When I got in the waiting room, things got a bit blurry.
I remember some irritating and inconsiderate people. For some reason, they assumed it was okay to play videos with the volume up on their smartphones for entertainment. It was like they thought everybody should listen.
I remember getting into the dentist's chair.
I remember getting a shot of Novocain that felt like it penetrated my optic nerve. It numbed my entire throat. I felt like I had to swallow continually. Then, I felt like I had to cough. Then I felt like I couldn't breathe. Gasp.
Was I going to die in this freaking dentist's chair?
The doctor came back it to see if the numbing agent had done its job, and I was apoplectic. He told me to calm down. He said it was normal. I said that his normal felt like crap. He dismissed me like I was a petulant child. (I probably was).
He got to work with his jackhammers, hammers, and chisels. He pulled out several things I'm sure I saw in my studies of the Spanish Inquisition.
I thought to myself, "Nobody expects the Spanish Inquisition!" Thank you Monty Python.
If they were questioning me, I would have confessed right away. I've seen Marathon Man. I know what happens. But I had nothing to confess. I'd have to make something up quick.

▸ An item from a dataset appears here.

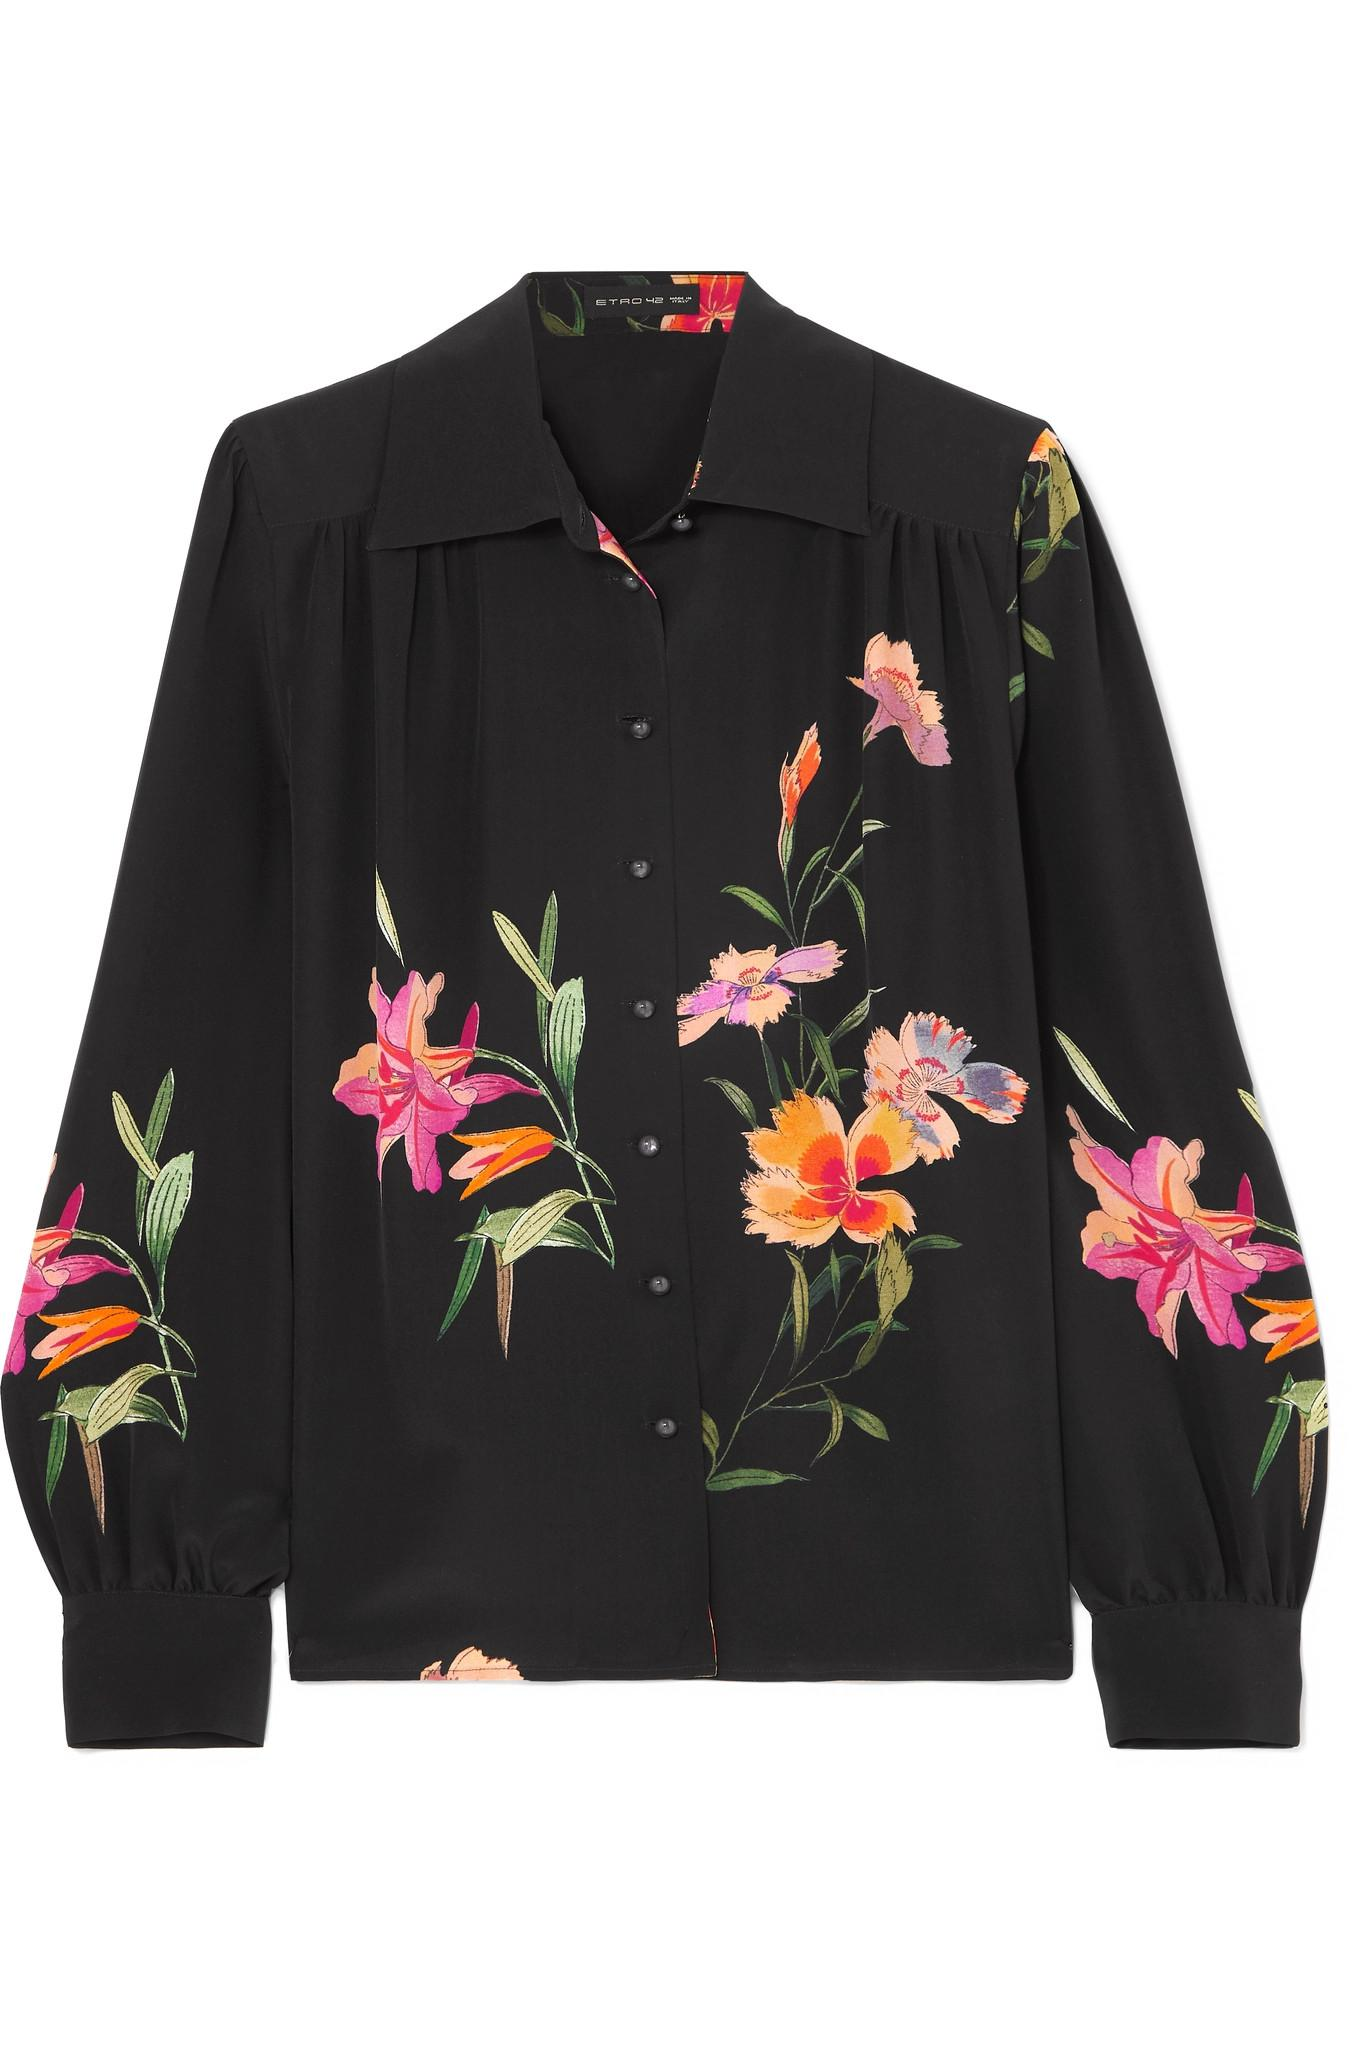 423b9558dfd6a Lyst - Etro Floral-print Silk-crepe Shirt in Black

After much tugging and prying and digging out of tooth parts, the carnage was over.
The only thing left was a bruise on my chest from his knee.
I staggered on my way with a suitcase full of Vicodin and a bunch of gauze in my mouth.
All I wanted to do was sleep for three days. I think I did just that. The problem was solved, but at what cost?
It was a very stressful time on the island.
Last week, when I lost a crown. It fell off in my mouth, and my eyes bulged to the size of grapefruits. I waited for the lightning bolts behind my eye; the stabbing pain in the temple.
My previous dental trauma flashed in front of my eyes.
Luckily, there was no pain.
I did feel an extreme desire to wait for help until I got back to Dayton.
When I got here I went to my friend Dan is a dentist. I shyly went to him and said, "Can I come to see you in your office? I think I have a problem."
He said, "Of course."
I was delighted he said yes. There's no gnashing of teeth. It's all in the bag.
I have not regretted my decision to wait to come to Dayton. It was the right choice.